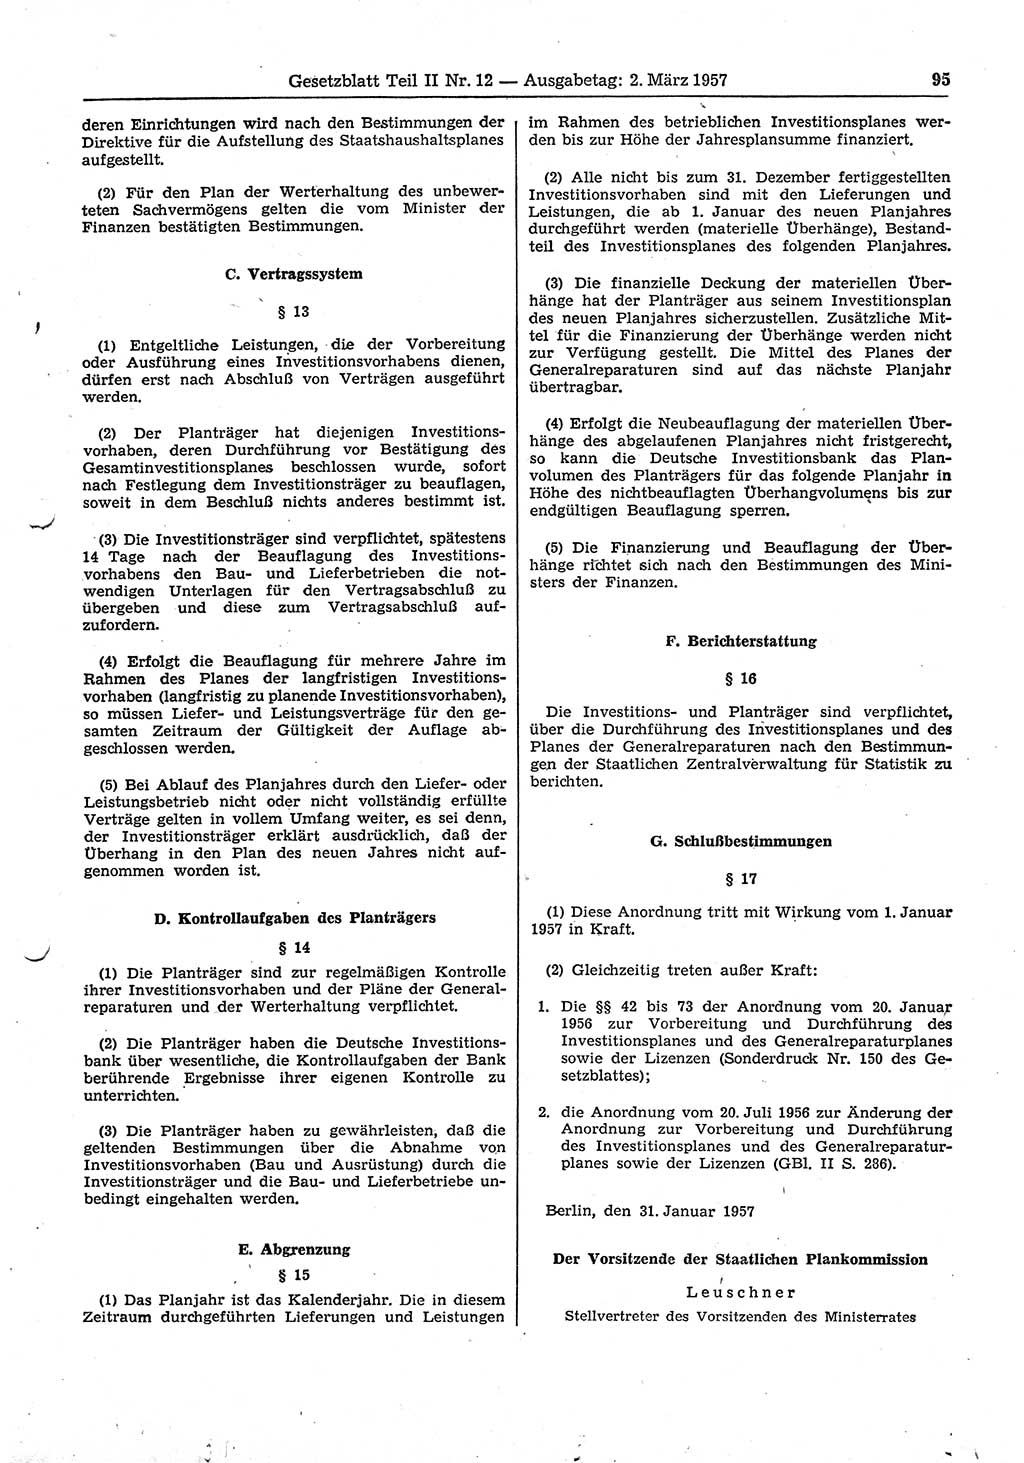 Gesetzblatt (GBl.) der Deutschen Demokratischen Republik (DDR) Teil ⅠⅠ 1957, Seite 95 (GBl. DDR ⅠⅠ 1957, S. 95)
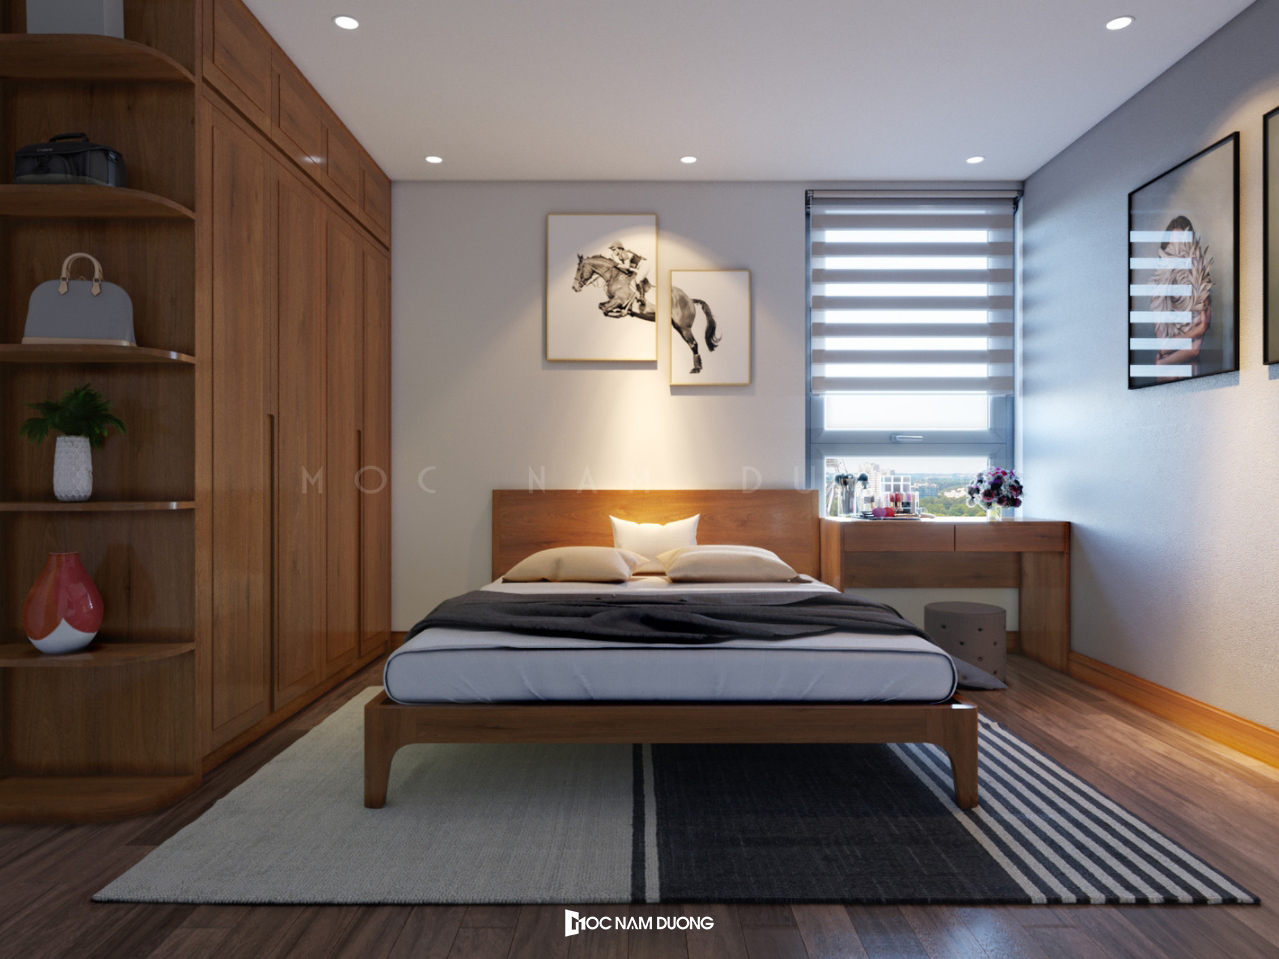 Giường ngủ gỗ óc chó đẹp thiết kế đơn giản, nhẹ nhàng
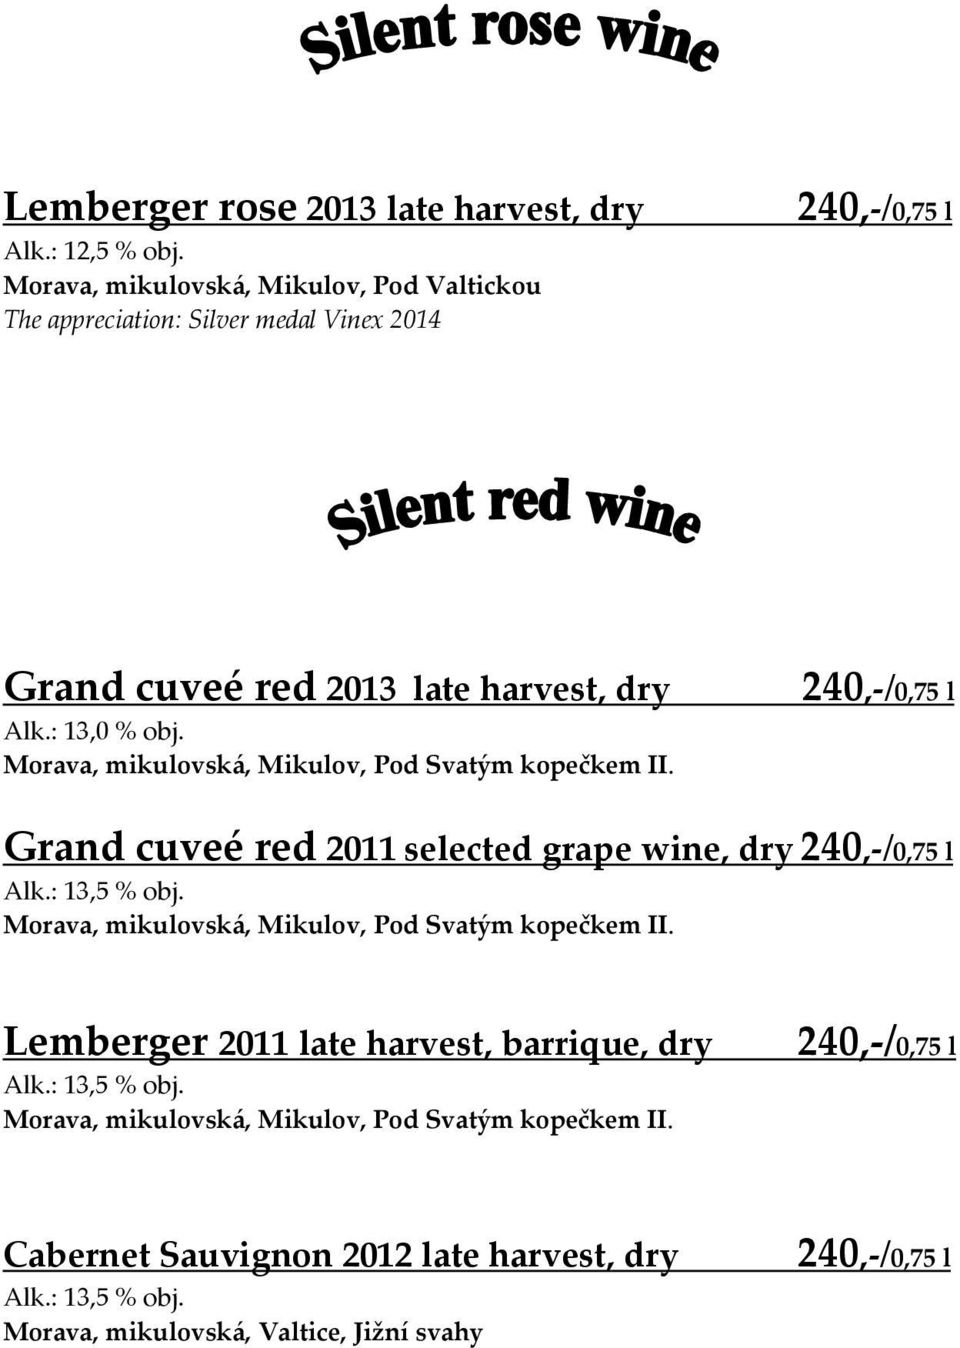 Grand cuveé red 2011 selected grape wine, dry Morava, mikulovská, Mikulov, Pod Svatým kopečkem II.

◆ WORK ORDER
Reproduce the whole of the data, word for word, and omit its pictures.

◆ SOLUTION FOR THIS EXERCISE
 Gesetzblatt (GBl.) der Deutschen Demokratischen Republik (DDR) Teil ⅠⅠ 1957, Seite 95 (GBl. DDR ⅠⅠ 1957, S. 95)
 Giường ngủ gỗ óc chó đẹp thiết kế đơn giản, nhẹ nhàng
 Grand cuveé red 2011 selected grape wine, dry Morava, mikulovská, Mikulov, Pod Svatým kopečkem II.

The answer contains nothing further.